▸ **Exercise objective**
Return the data exactly, apart from leaving out the pictures.

▸ **Data below**
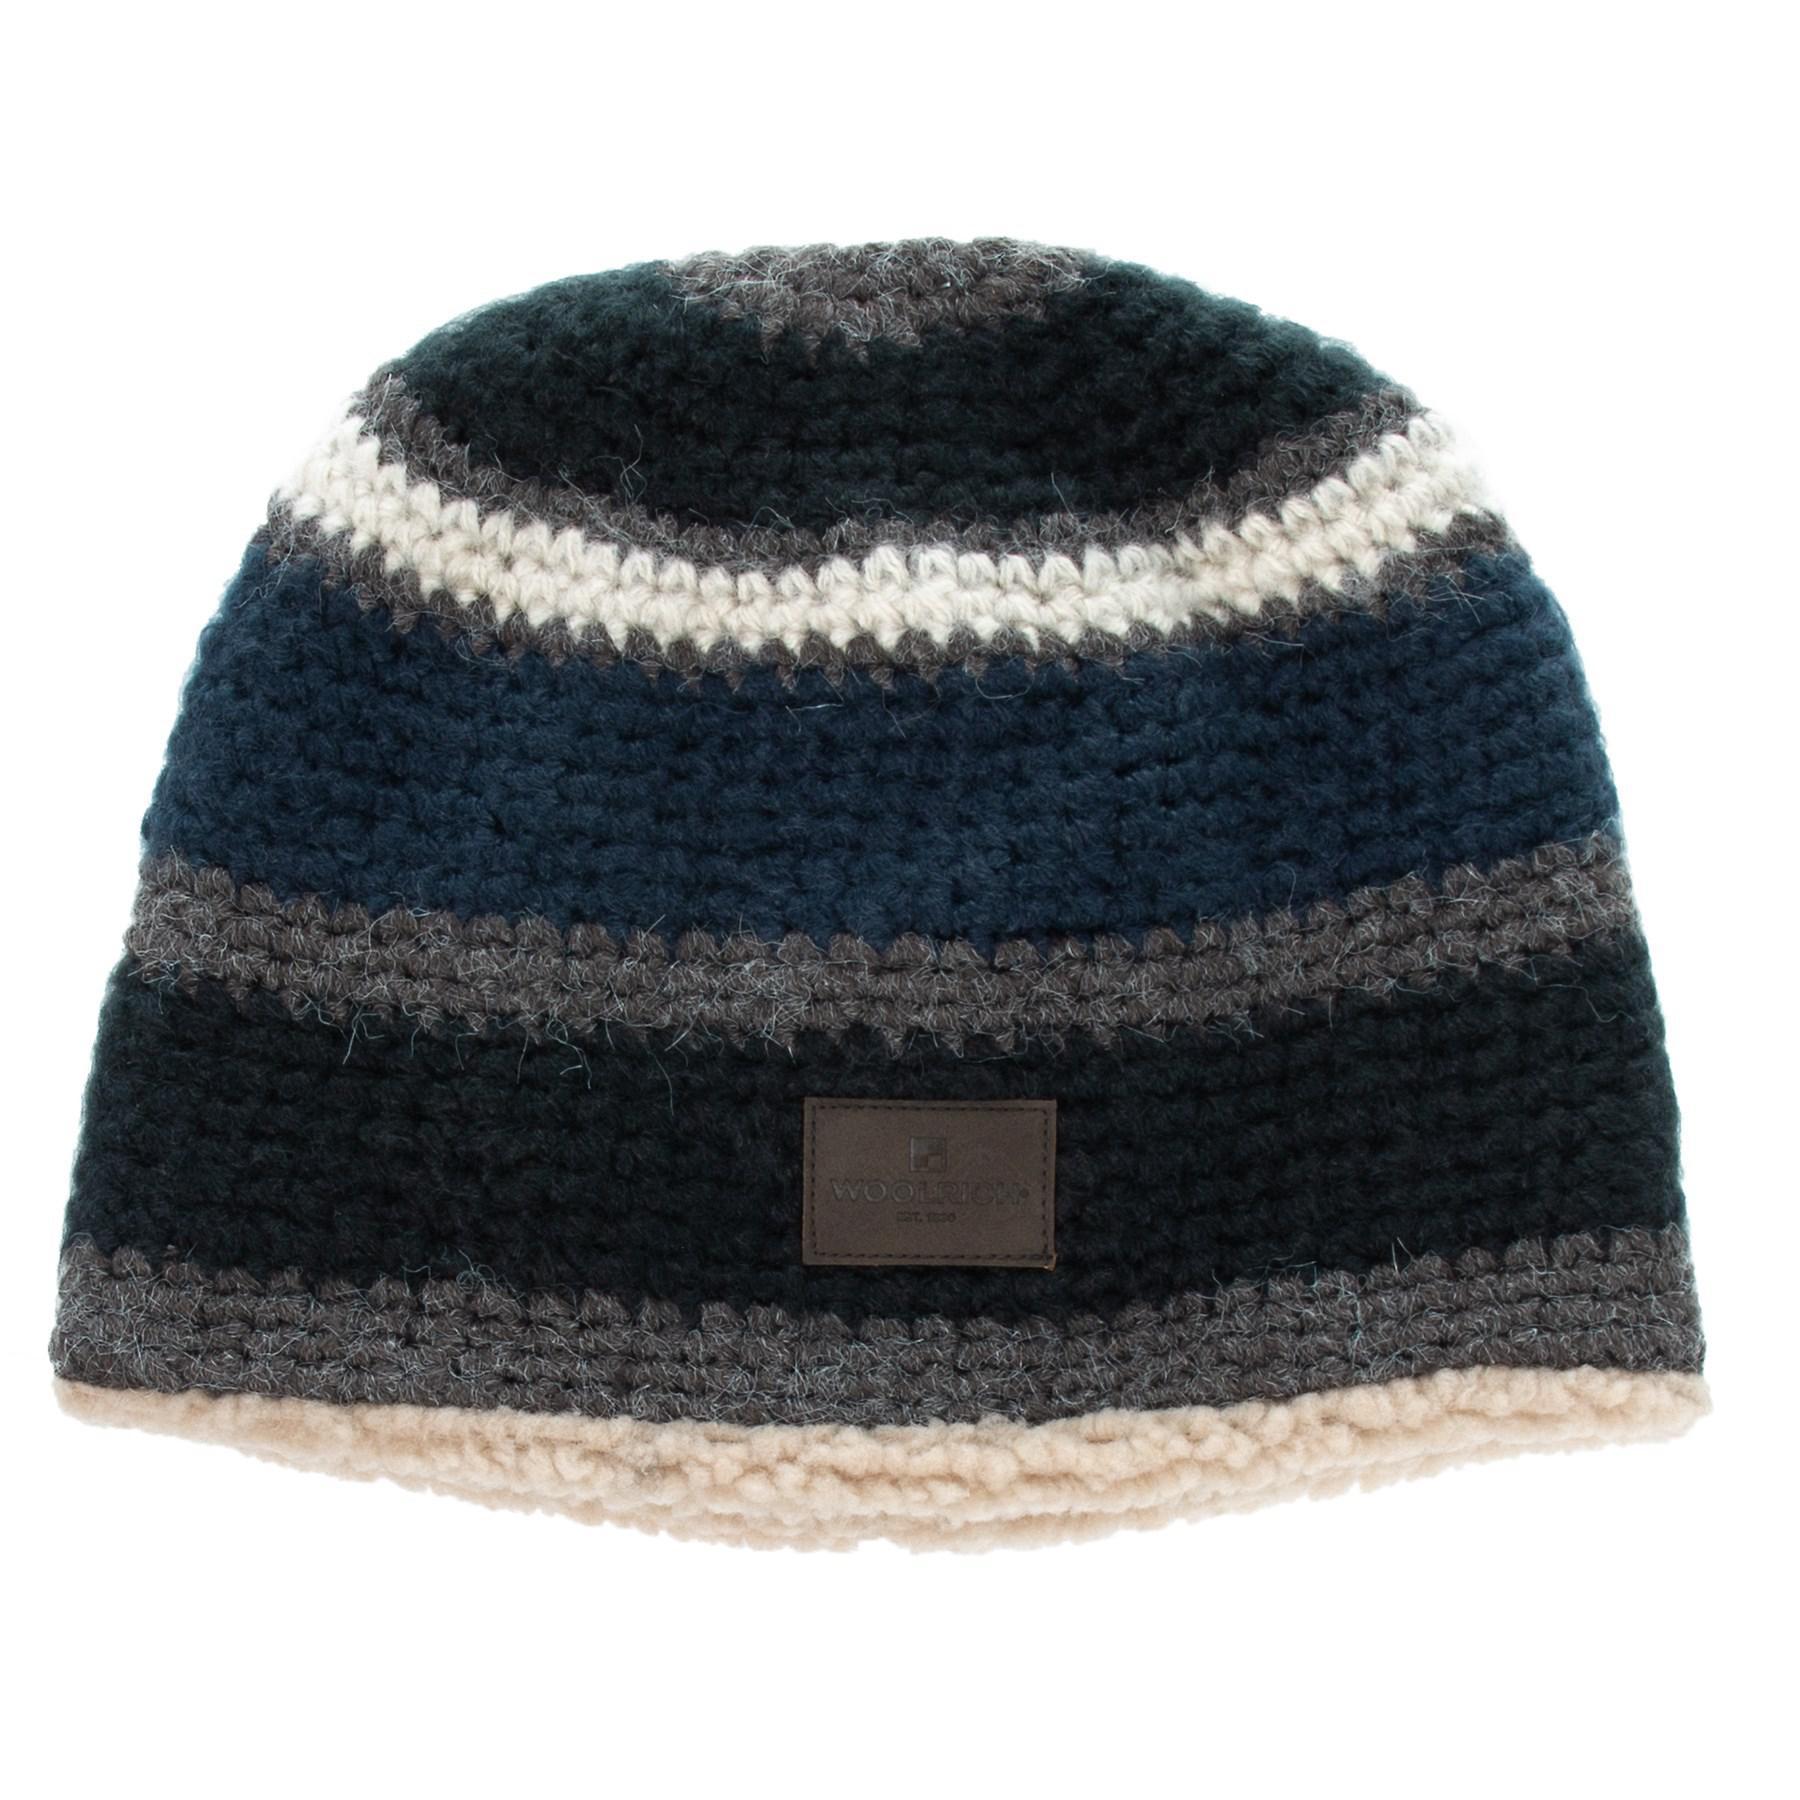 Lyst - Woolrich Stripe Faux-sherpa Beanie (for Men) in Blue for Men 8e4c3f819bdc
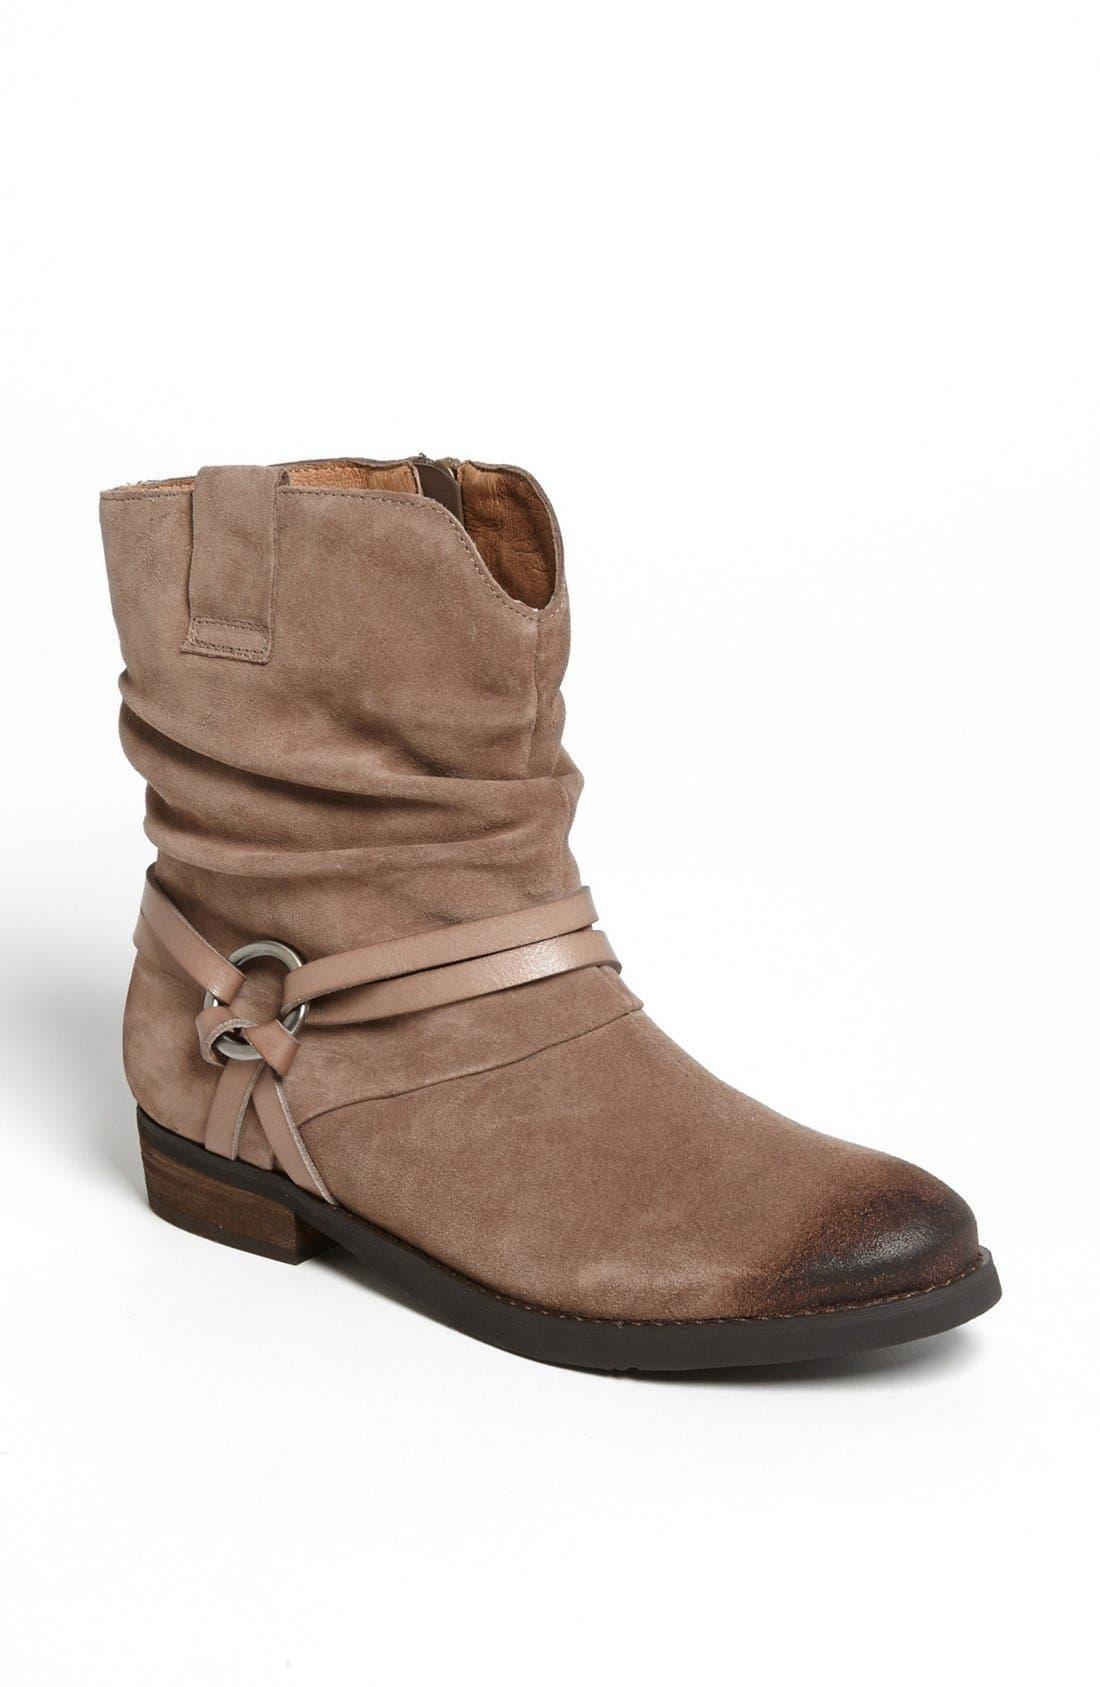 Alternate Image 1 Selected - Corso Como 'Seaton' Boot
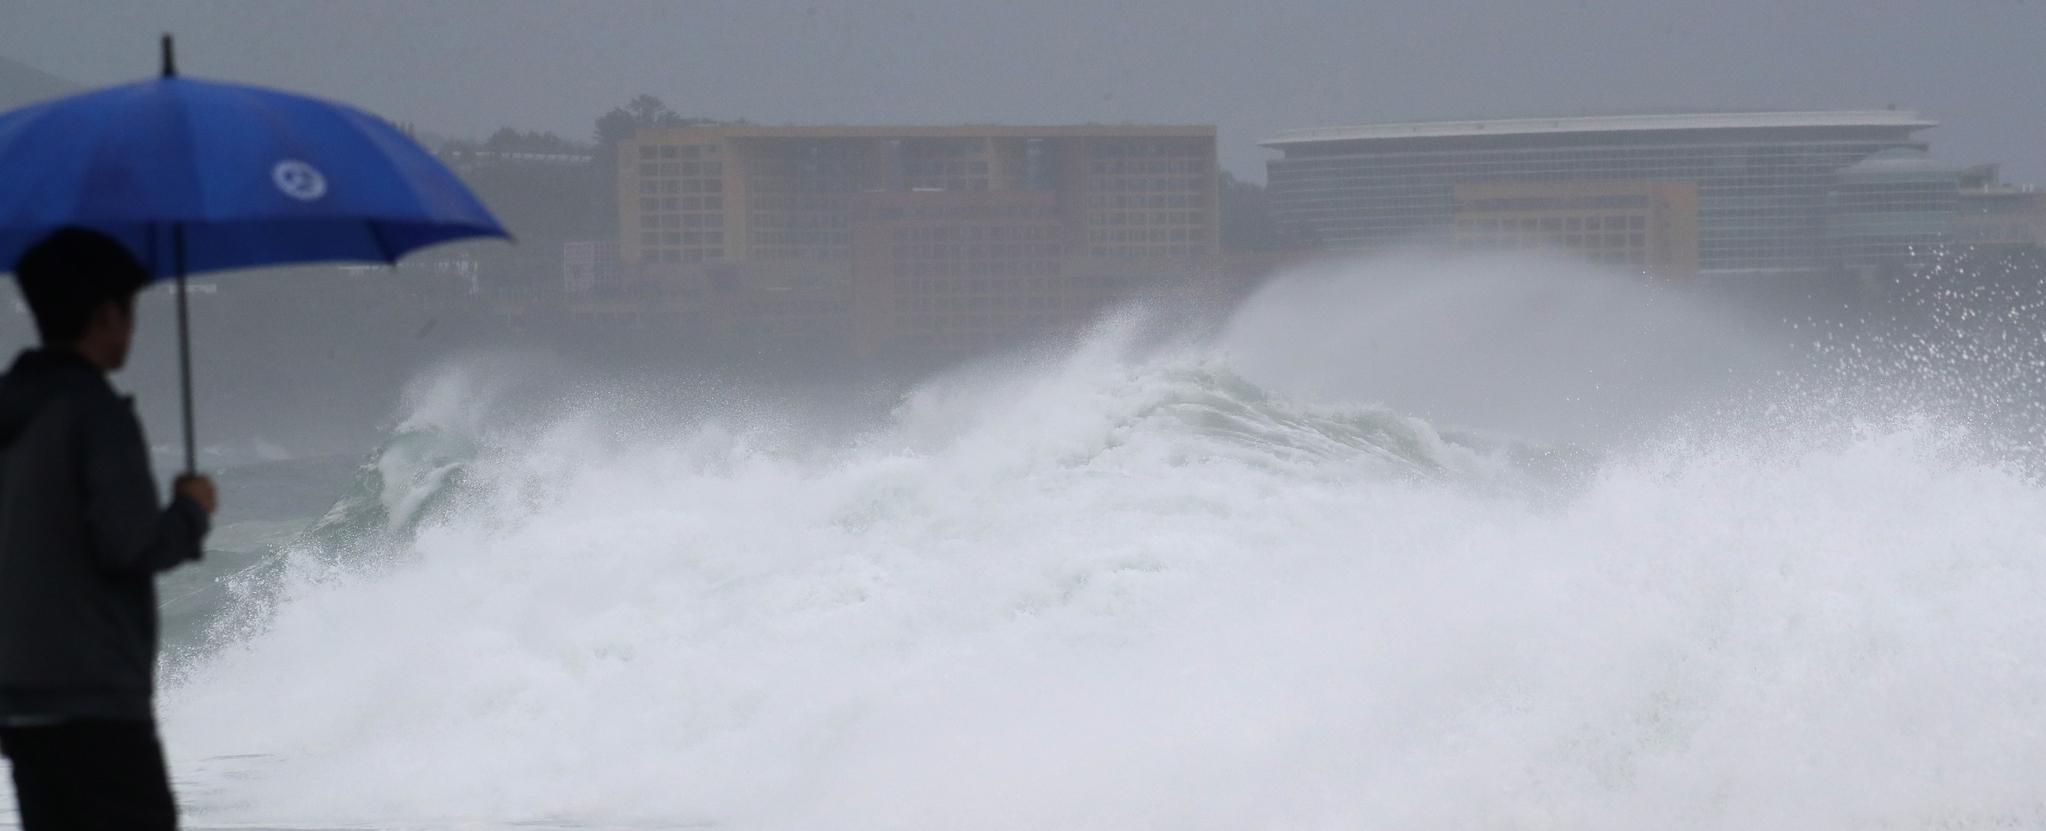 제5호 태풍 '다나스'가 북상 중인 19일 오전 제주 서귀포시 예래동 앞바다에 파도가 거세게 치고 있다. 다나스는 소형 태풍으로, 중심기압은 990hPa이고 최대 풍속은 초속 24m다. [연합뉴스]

▸ **Reply to the exercise**
 Lyst - Woolrich Stripe Faux-sherpa Beanie (for Men) in Blue for Men 8e4c3f819bdc
 Alternate Image 1 Selected - Corso Como 'Seaton' Boot
 제5호 태풍 '다나스'가 북상 중인 19일 오전 제주 서귀포시 예래동 앞바다에 파도가 거세게 치고 있다. 다나스는 소형 태풍으로, 중심기압은 990hPa이고 최대 풍속은 초속 24m다. [연합뉴스]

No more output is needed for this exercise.